The ceremony started with a recital of the Quran by prominent reciter Ahmed Nea'na' followed by a speech from Farouq Sultan, head of the High Constitutional Court, after which President Morsi rose to the stage to address the audience.

The president started his speech by apologising to students of Cairo University, whose exams were postponed because of the ceremony. He also thanked the university where he received both his bachelors and masters degree.

Morsi thanked the armed forces for the crucial role they played during the revolution that toppled Hosni Mubarak from his 30-year reign: "The elected bodies will resume their functions and the army will return to their barracks, to their original role of protecting the borders," added Morsi. A military counci was formed and since February 2011 - when Hosni Mubarak was toppled - they have ruled Egypt. By "elected bodies" Morsi seems to insist that the parliament dissolved by a constitutional court ruling will return to their functions.

As the families of those who died during this year of revolution cheered for Morsi, holding pictures of their children, the president addressed them, saying: "It's because of the sacrifice your children made that we have all of this." Morsi promised to bring justice for the martyrs and injured, for many have neither received any benefits from the state nor have they seen their murderers given jail sentences.

Later, towards the end of the speech the families of the martyrs insisted that he repeat his commitment to see justice served.

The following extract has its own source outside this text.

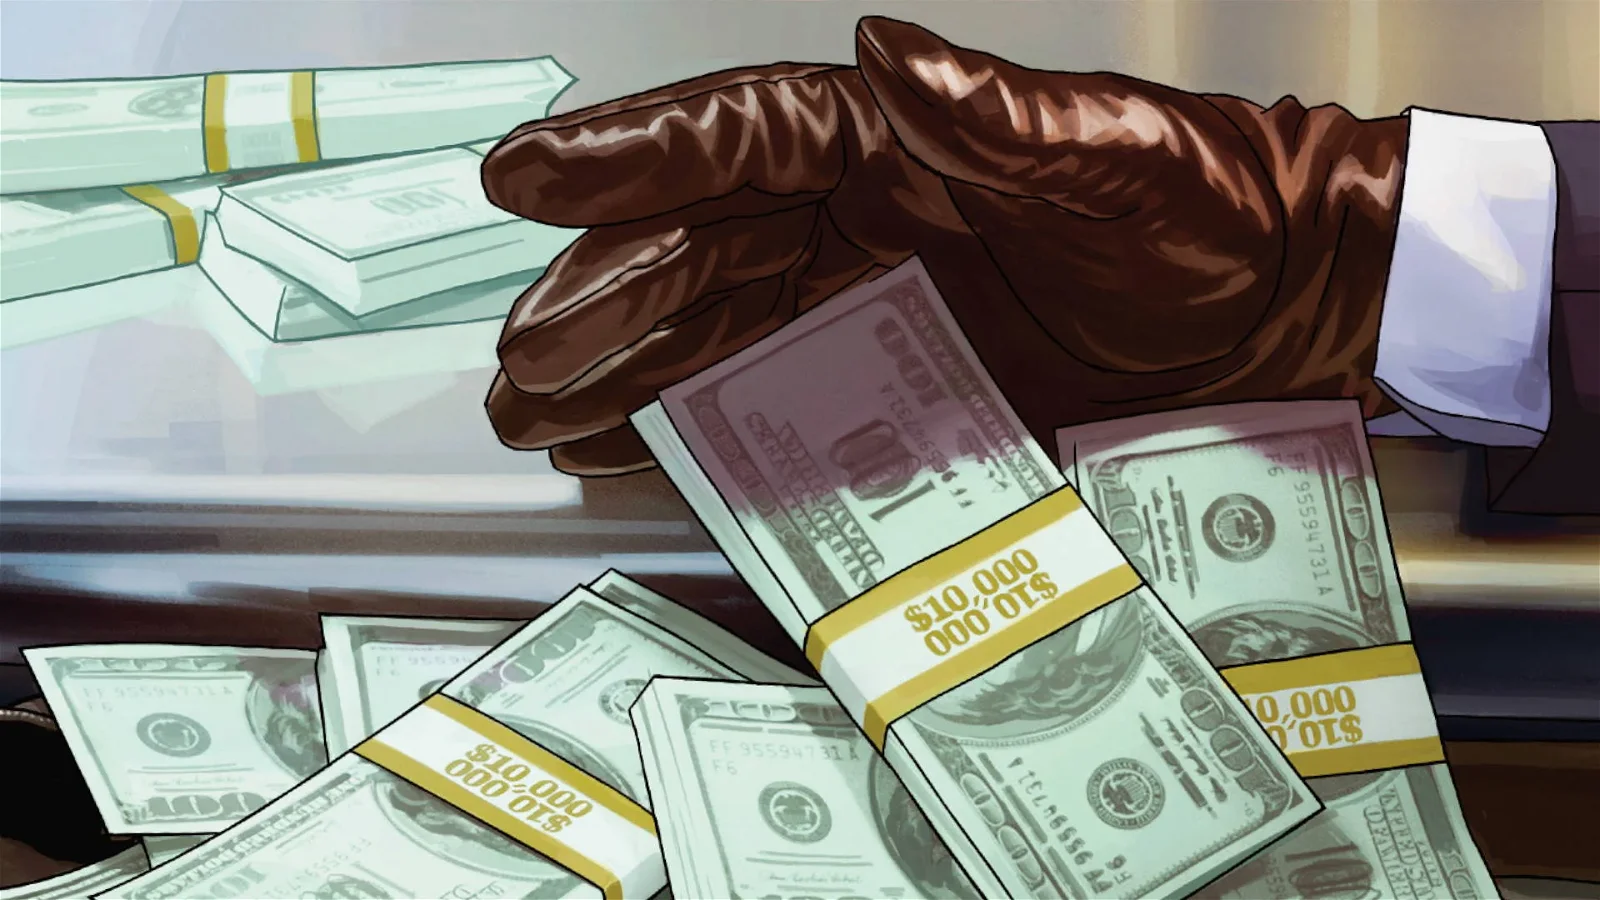 Le valute virtuali acquistabili con soldi veri sono «finzioni», per Take Two

Morsi also expressed his appreciation to the role played by judges, the armed forces and police officers for supervising and securing the elections process and ensuring its transparency.

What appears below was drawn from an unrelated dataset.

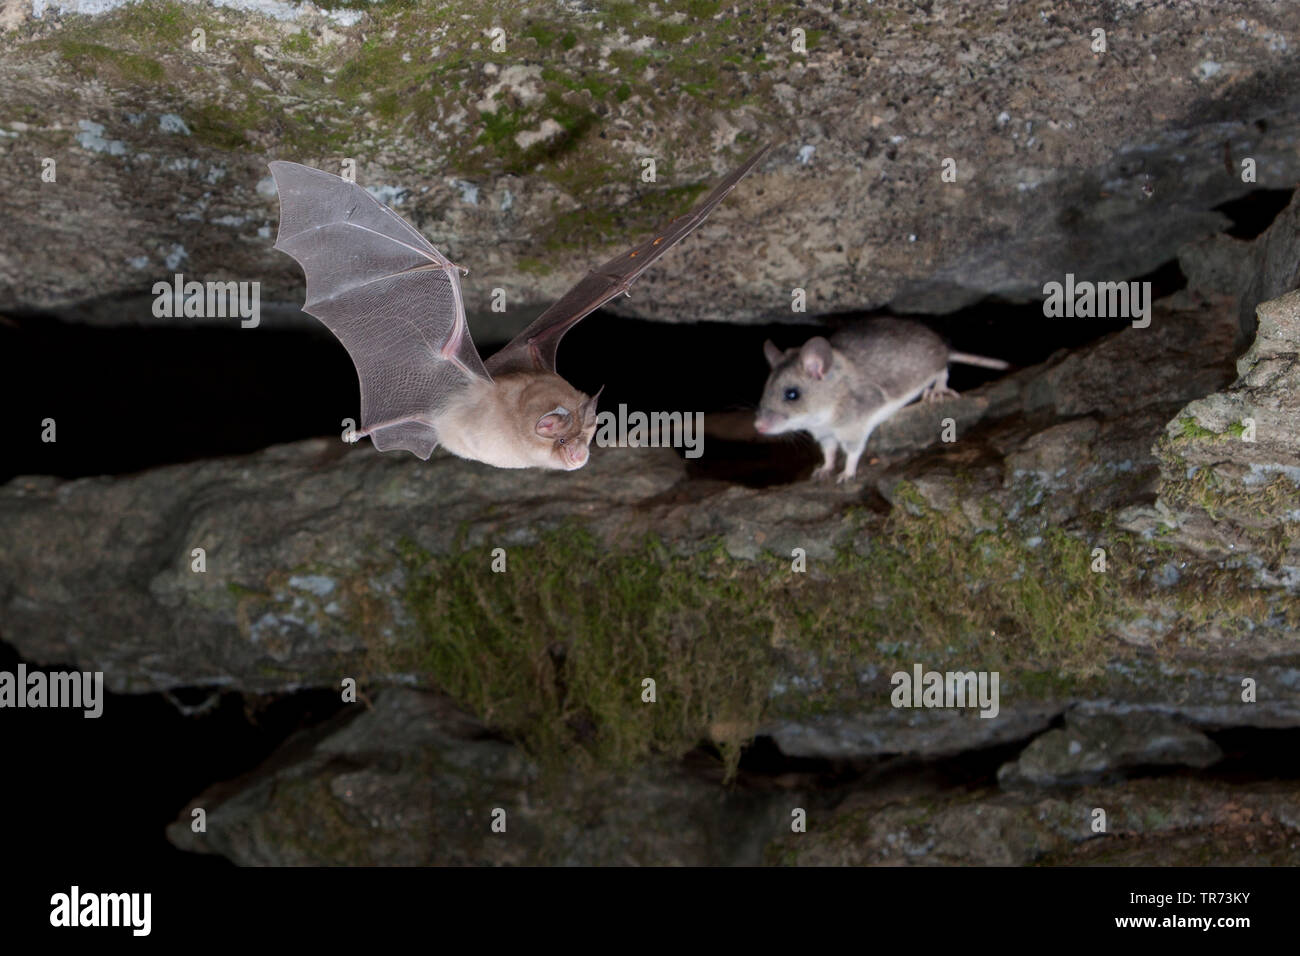 Ferro di cavallo maggiore bat (Rhinolophus ferrumequinum), lasciando grotta, riuniti a strisce campo Mouse, Bulgaria, montagne Rodopi Foto Stock

A man very vocally interrupted the speech to shout praises for the military council and the armed forces.

"Egypt will not break away from the Arab and Islamic nation," said the president, stressing that from now on Egypt will not tolerate any violations against any of the Arab countries.

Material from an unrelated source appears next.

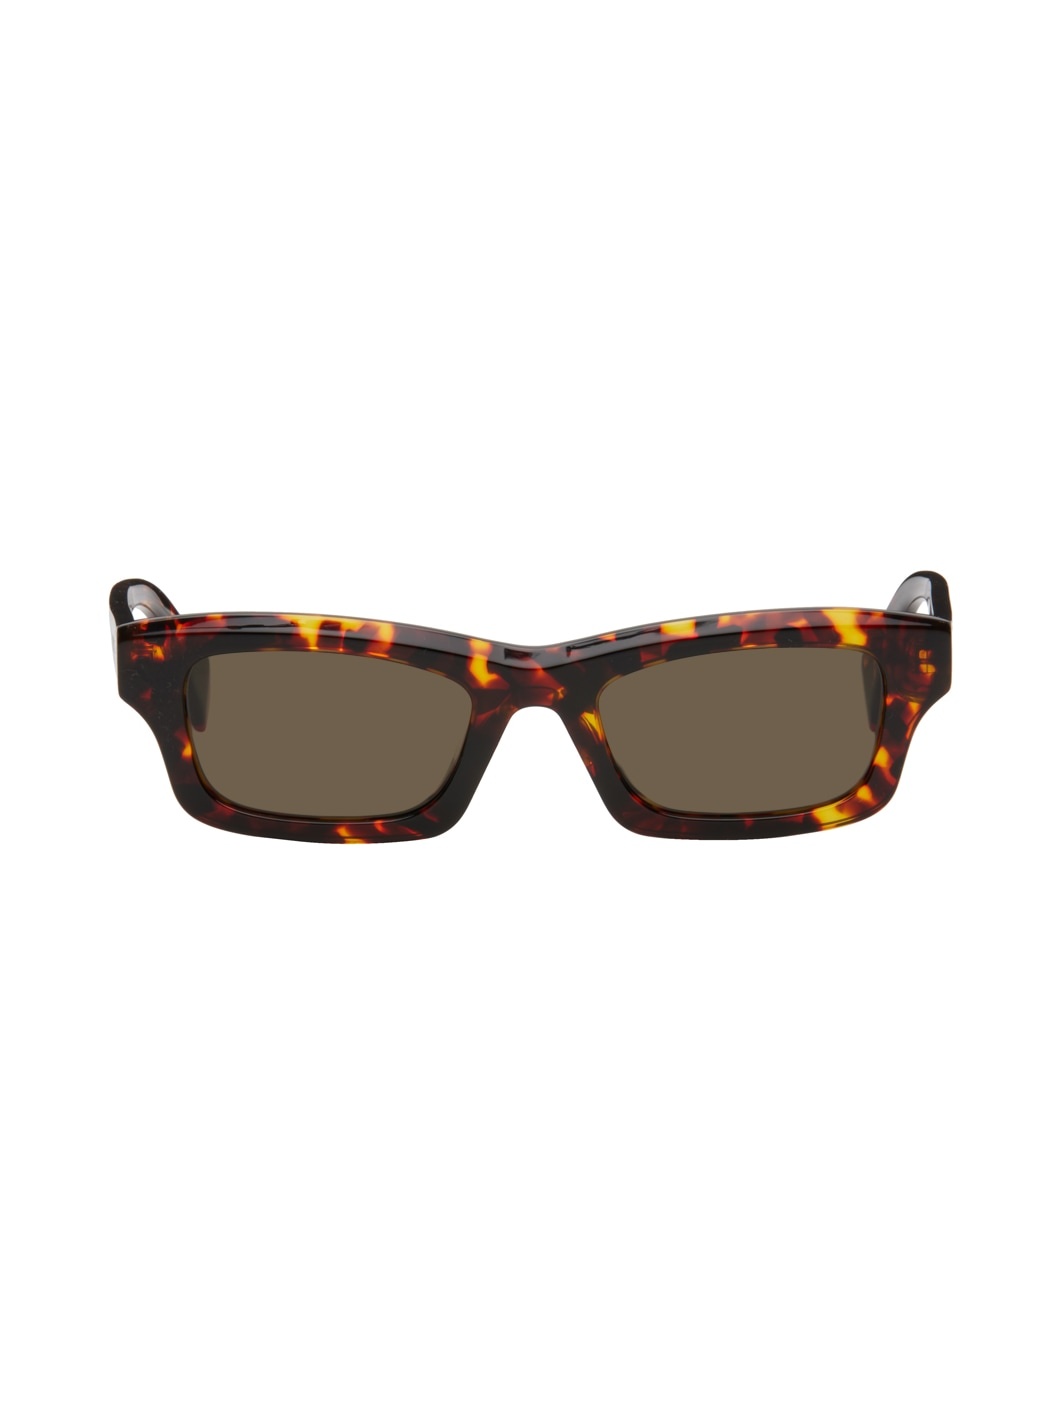 Tortoiseshell Rectangular Sunglasses - 1

The president further confirmed his support for both the Palestinians and Syrians: "An end to the Syrian bloodshed is a must, and we will not stop until Palestinians regain their rights and lands."

Attempts by any country to intervene in Egyptian affairs will be rejected, and confirmed that Egypt will respect "international treaties and agreements," which might be an indirect reference to treaties such as the Camp David Accords.

The president reached out to both Muslims and Christians in "drawing a better future for Egypt and in fulfilling the goals of the revolution: freedom, social justice and dignity."

"It's time to look forward to a prosperous future for Egypt," said the president before leaving the podium amidst cheers.

Present at the ceremony were members of the military council, members of the dissolved parliament, party representatives, union representatives and diplomatic delegations from embassies and consulates. Figures such as  Field Marshal Hussein Tantawi, the head of Egypt's ruling Supreme Council of the Armed Forces (SCAF); Chief of Staff Samy Anan; reform presidential hopeful, Mohamed ElBaradei; former minister of foreign affairs, Amr Moussa; scientist Ahmed Zoueil and PM Kamal El-Ganzouri of the interim government.

Ahmed El-Tayeb, Grand Imam of Al-Azhar (the leading Sunni authority in the Muslim world), along with other clerics, left the ceremony because of lack of organisation.

Al-Azhar members were seated in the back, which the Imam considered disrespectful.